Here and elsewhere, this doubling enemy forces you to visualize and interpolate future selves, too—just as pertinent as where you just were, or where you are now, is where you need to be later. What’s odd is the way that slow mastery over this choreography of dancing figures—over any particular arrangement of hallways and obstacles in this game—allows one to begin to see and control each level as some kind of grander mechanism, a device which takes the three available inputs—left, right, jump—and transfigures them into miniature journeys for your brain. A singular level, the room in which the many yous are contained, shifts out of focus into something more abstract, something which must be subjected to any number of modes of escape—of expression. Since each level is so visually spare and mechanically complex, the gameplay loop becomes an act of microdosing the existential satisfaction between an epiphany and its enactment. I had an idea; it exists because I am writing it down.
The “evil ninja,” as this replica enemy is called, is only one of fifteen ways in which you might be killed in this game—in which expression becomes stifled. And yet, each method of failure is so contextually sensitive to its playing space that such a number becomes moot. In effect, each particular room, every moment, is its own personality. A distinct mirror for the paths you may or may not take. Platformer games, which are about running between platforms and jumping over obstacles, can be in deeper sense about the mental conflict specific to a certain arrangement of elements, about the version of yourself that arises in response & to inhabit any particularized place, whether real or imaginary.
The “upwards stampede” is one such arrangement; so too are levels like “schnorgled,” “oblate spheroid,” “diactites and stalagonals,” “away in a mangler,” or “go fish”. If N++ is nothing more than another Super Mario Brothers game, then it’s about fifty of them: 1988 genre masterclass Super Mario Brothers 3 has about ninety levels. N++ has four thousand three hundred and forty.
Some of the hardest rooms may demand hours of attempts, but every successful exit only ever takes thirty seconds or so. I’m reminded of that definition of a sonnet: a moment’s monument. Abstraction arising out of careful acts of reduction—interactive complexity here contingent upon a simplistic control scheme and minimalist aesthetic—all signal, no noise. Each level staging a spatial metaphor for the inescapable compression, contention with, and eventual expression of an idea; the larger level-select grid, which shows zoomed-out quadrants of the negative space of each level, becomes checquered wallpaper of the many metaphors in question. Stampedes, dances, heists, strolls. Very quickly you begin to remember these abstract shapes for the individual places behind the monochrome, like little rorschach screens. Memories of your own containment and escape, the elicitation of expression. New shades of internality, the spiritual resonances latent to pressing three buttons in a certain order—pages in a prayerbook.

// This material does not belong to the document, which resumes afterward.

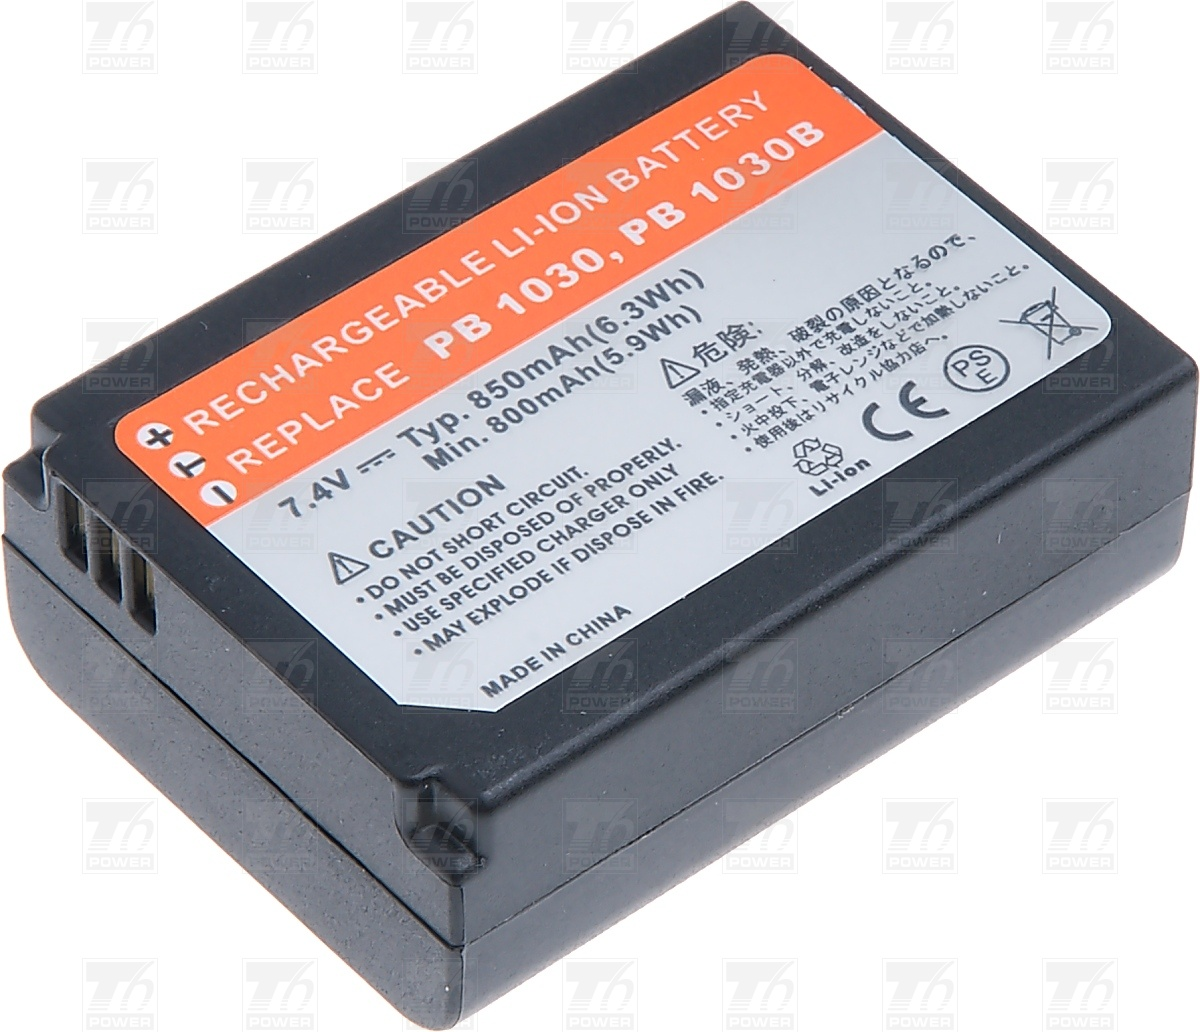 T6 power Baterie T6 power BP1030, BP1030B, BP1130 DCSA0017

All of this sounds insane; N++ remains easiest to describe by negation. There is no health bar or checkpoints (fail states are immediate), no narrative (N stands for ninja), no desert or forest or volcano palette-swaps, no castles, no boss fights—no fights at all. The hardest & latest levels in N++ “look” just like the easiest & earliest. There is nothing left but to confront yourself within moments and places that, strictly speaking, do not exist. The game is what happens in your head.